I walked down a narrow street, trying not to stagger. Maybe I couldn't handle alcohol as well as I thought, because I was really feeling that last drink. So when a large figure moved into my path, blocking me from going any further, the quick stop I'd have to make to avoid the large figure wasn't particularly well executed and I ended up running face first into the large figure.

"Whoa there, big guy." I said, putting a hand out to steady myself. My arm was grabbed by the figure in front of me, who turned out to be Thel. It really hadn't taken him long to show up. It was almost like he'd been waiting just outside the bar for his Sangheili narcs to tell him what was going on.

Unfortunately, due to my rather high blood alcohol content, I wasn't as good at losing people as I usually was. So he'd managed to follow me. I really shouldn't have had that last drink.

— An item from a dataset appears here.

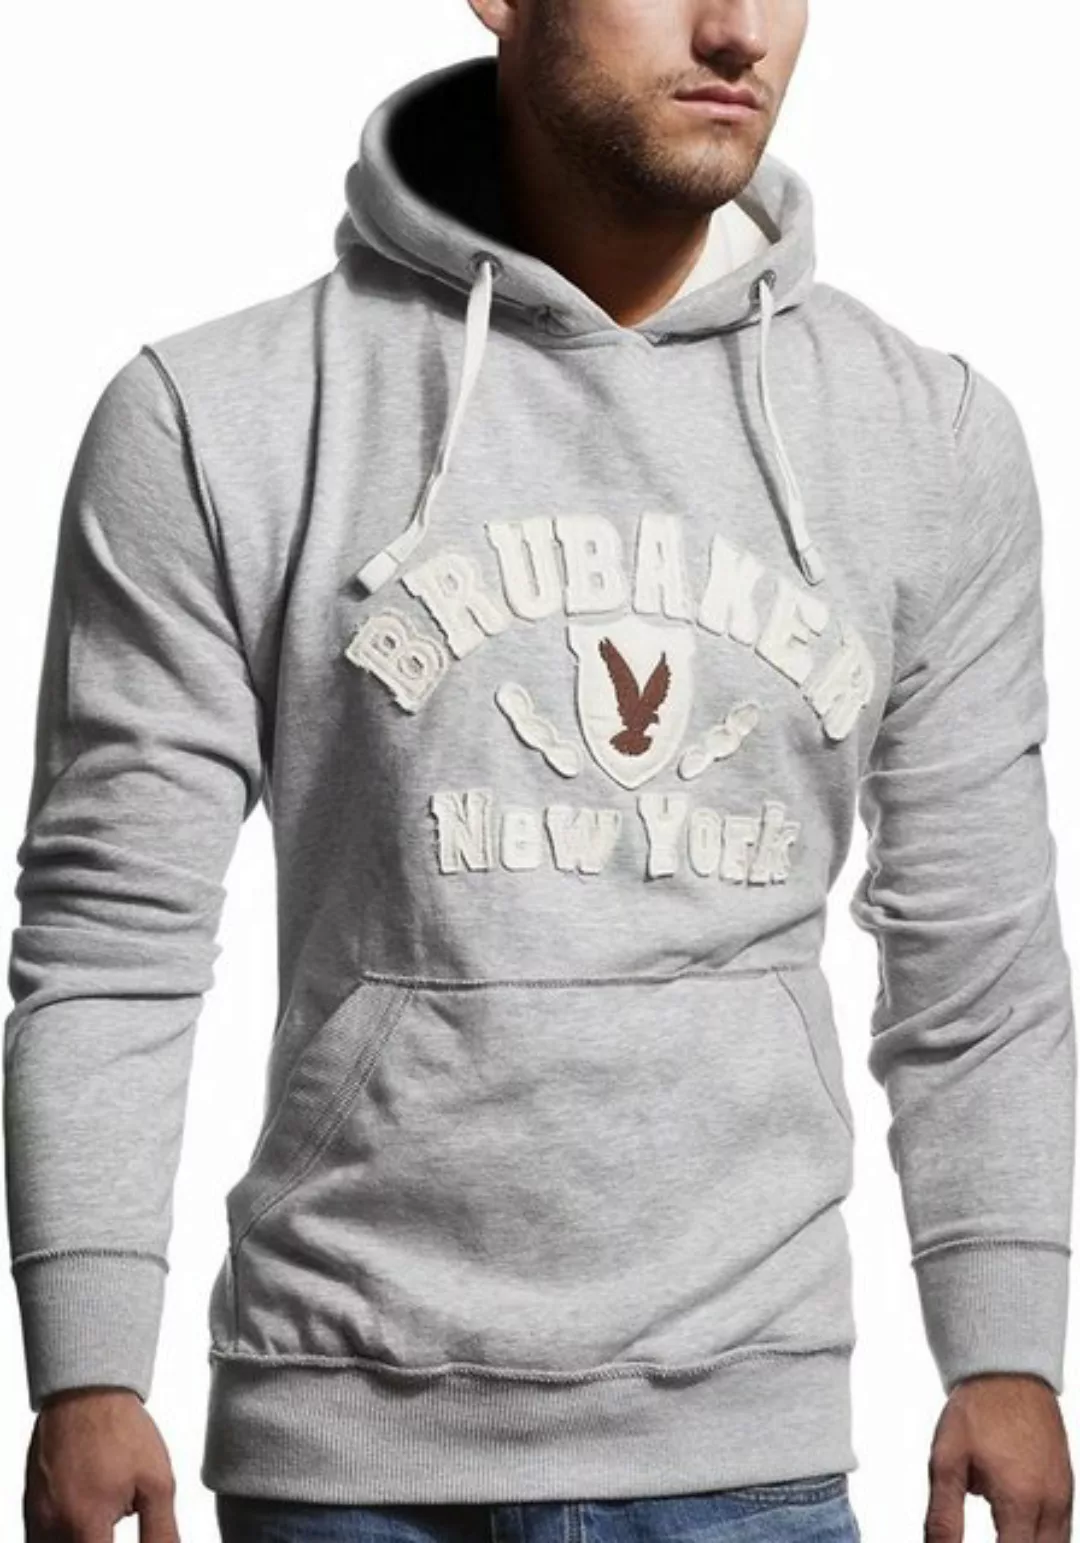 BRUBAKER Kapuzensweatshirt Herren Sweatshirt mit Kapuze - New York Eagle (1 günstig online kaufen

"Kasey Adams." Thel said, his deep voice stern. "Would you like to inform me what it is you and your companions are up to?"

I swayed slightly as I thought about my answer. He'd called me Kasey. And Adams. Which meant that he really meant business. So I had to be particularly careful about my answer. My intoxicated brain put it's rusty gears into motion. Then, I beckoned him closer with one hand. He leaned down, close to my face, and I put my cheek against his, feeling his warmth.

"WE'RE GOING TO GET CORTANA BACK!" I shouted.

He pulled back quickly, and I saw him wince. He then shook his head, with the incredible measure of patience that was his greatest virtue, and said, "That, I know. What I am asking is how, exactly, you intend to divert the UNSC's attention from what it is those two are planning to do."

I folded my arms, swaying again slightly, trying not to giggle like an idiot at the completely juvenile move I'd just pulled on him. I really hated that my motor functions were the first thing to go. I could think just fine, but it was like the connection between my brain and my body was completely shot. "Well, I haven't figured that out yet. I have some ideas, though." I told him, being completely honest in that regard.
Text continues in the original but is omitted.